К книге
Политика благочестия. Исламское возрождение и феминистский субъектГлава 1. Субъект свободы. Постструктуралистская феминистская теория и агентность
22%
Глава 1. Субъект свободы. Постструктуралистская феминистская теория и агентность
8

Чтобы прояснить собственный теоретический подход, я начну с обсуждения идей Джудит Батлер, являющихся для многих образцом постструктуралистской феминистской теории; эти аргументы формируют ядро моей работы. Отправной точной анализа для Батлер становятся два довольно широко известных положения Мишеля Фуко.
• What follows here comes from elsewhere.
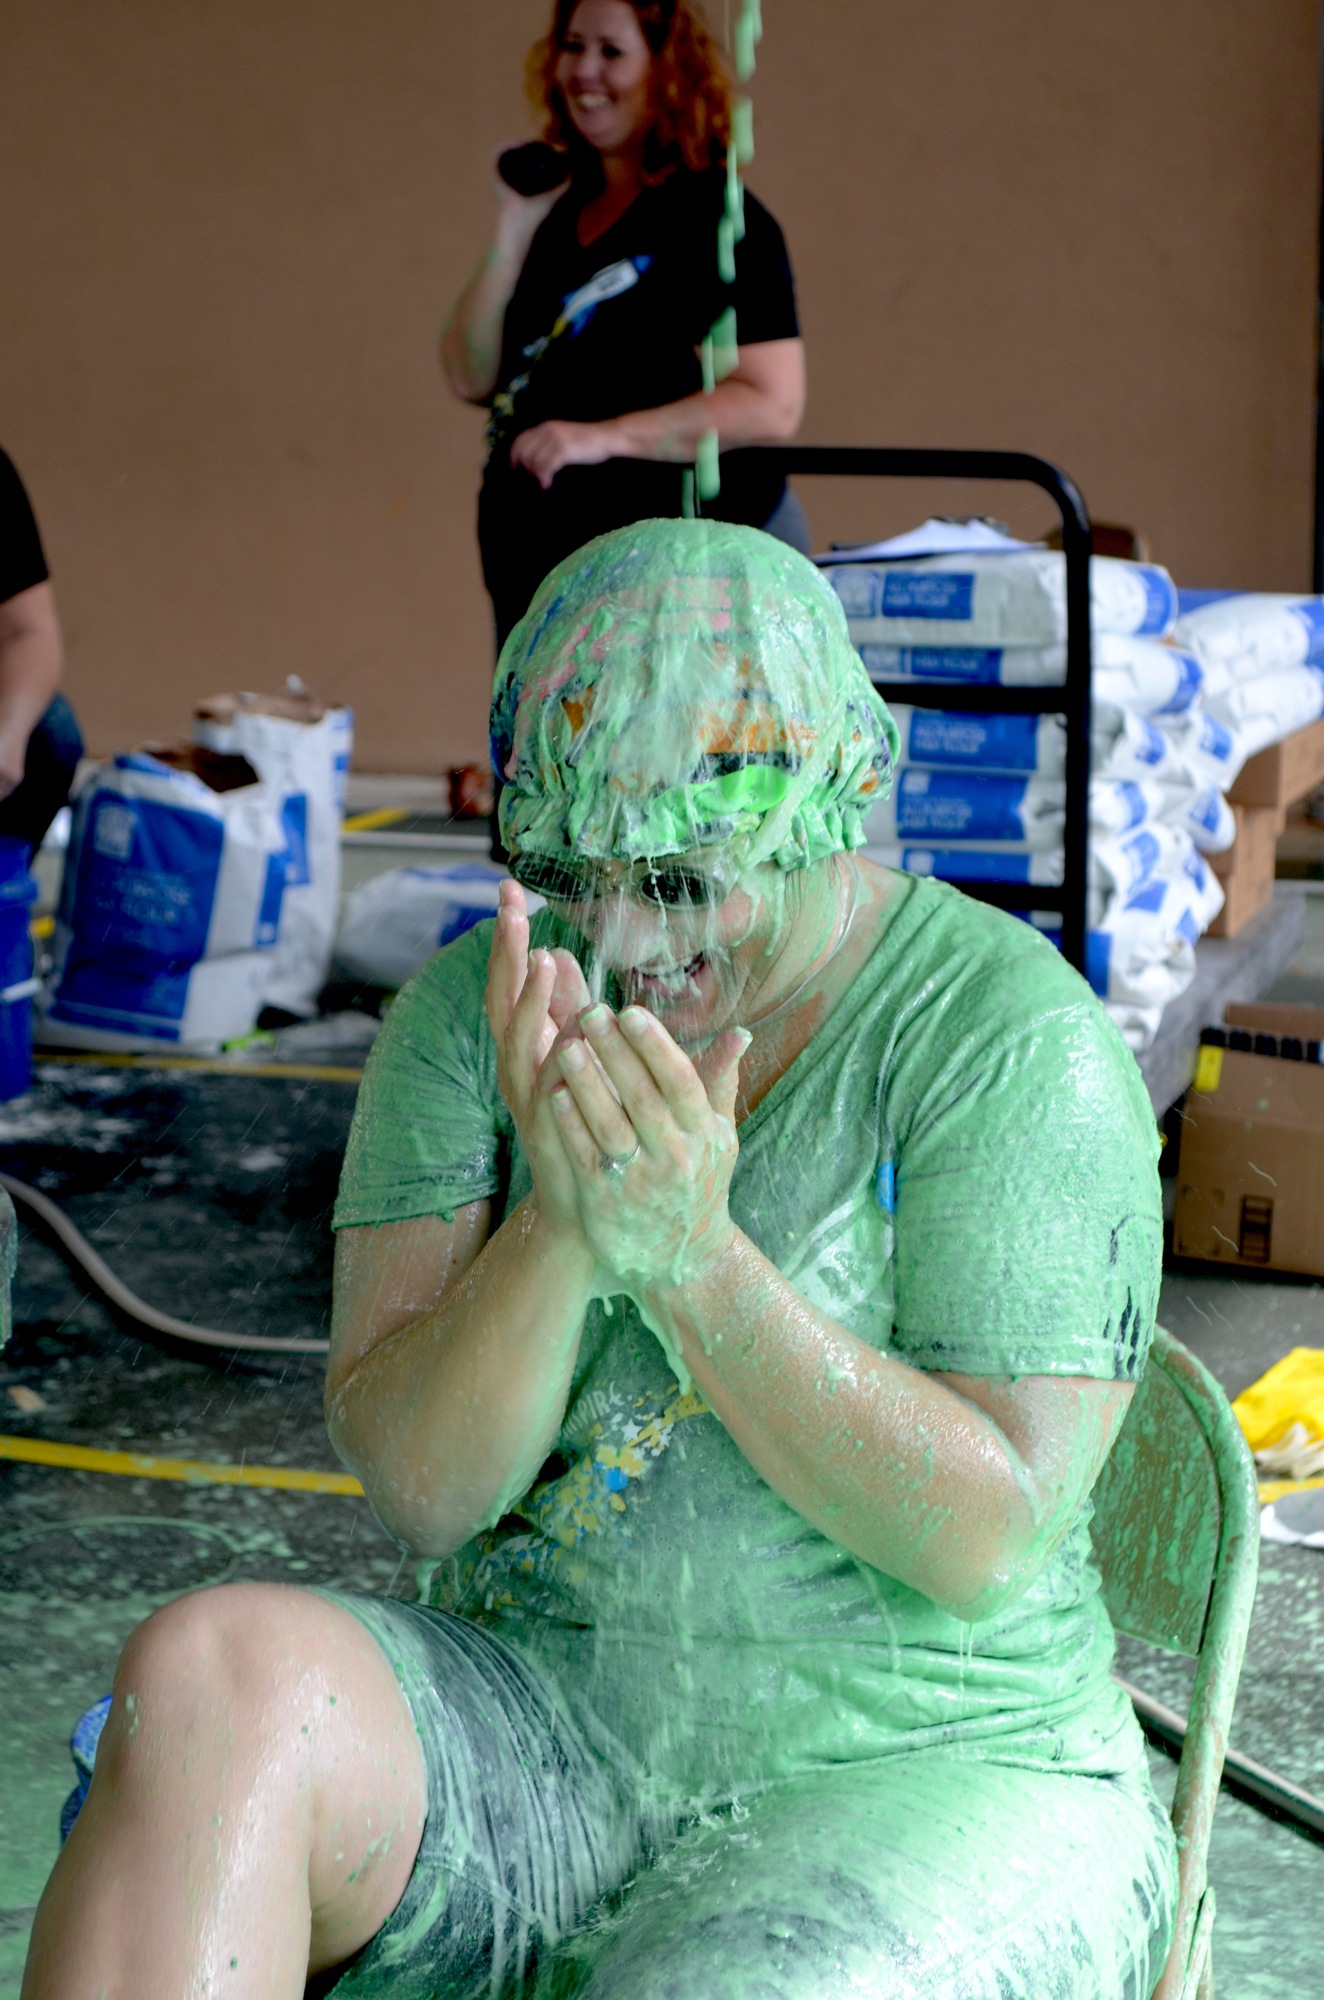 Assistant Principal Samantha Webb sat through more than two hours of students dumping slime on her.

Власть, согласно Фуко, невозможно понять только через модель доминирования, через то, чем одни индивиды или суверенные агенты владеют и что распространяют на других с единственной интенциональностью, структурой, локацией. Скорее власть следует понимать как стратегические отношения силы, которая пронизывает жизнь и порождает новые формы стремлений, объектов, отношений и дискурсов[75]. Второй тезис Фуко касается субъекта, который в форме индивидуального сознания не определяет властные отношения, но порождается ими, и именно властные отношения оказываются необходимым условием существования субъекта. В центре этого положения находится, как его называет сам Фуко, парадокс субъективации: сами процессы и условия, закрепляющие подчинение субъекта, также оказываются инструментом превращения его в агента и осознающую себя единицу[76]. Другими словами, можно утверждать, что набор возможностей, присущий субъекту, — то есть способности, определяющие формы агентности, — не являются наследством не подвергнутой доминированию личности, существовавшей до властных взаимодействий, но сами являются продуктом этих взаимодействий[77]. Такое понимание власти и формирования субъекта вдохновляет нас концептуализировать агентность не просто как симптом сопротивления структурам доминирования, но как возможность действия, которую создают и поддерживают специфические отношения субординации.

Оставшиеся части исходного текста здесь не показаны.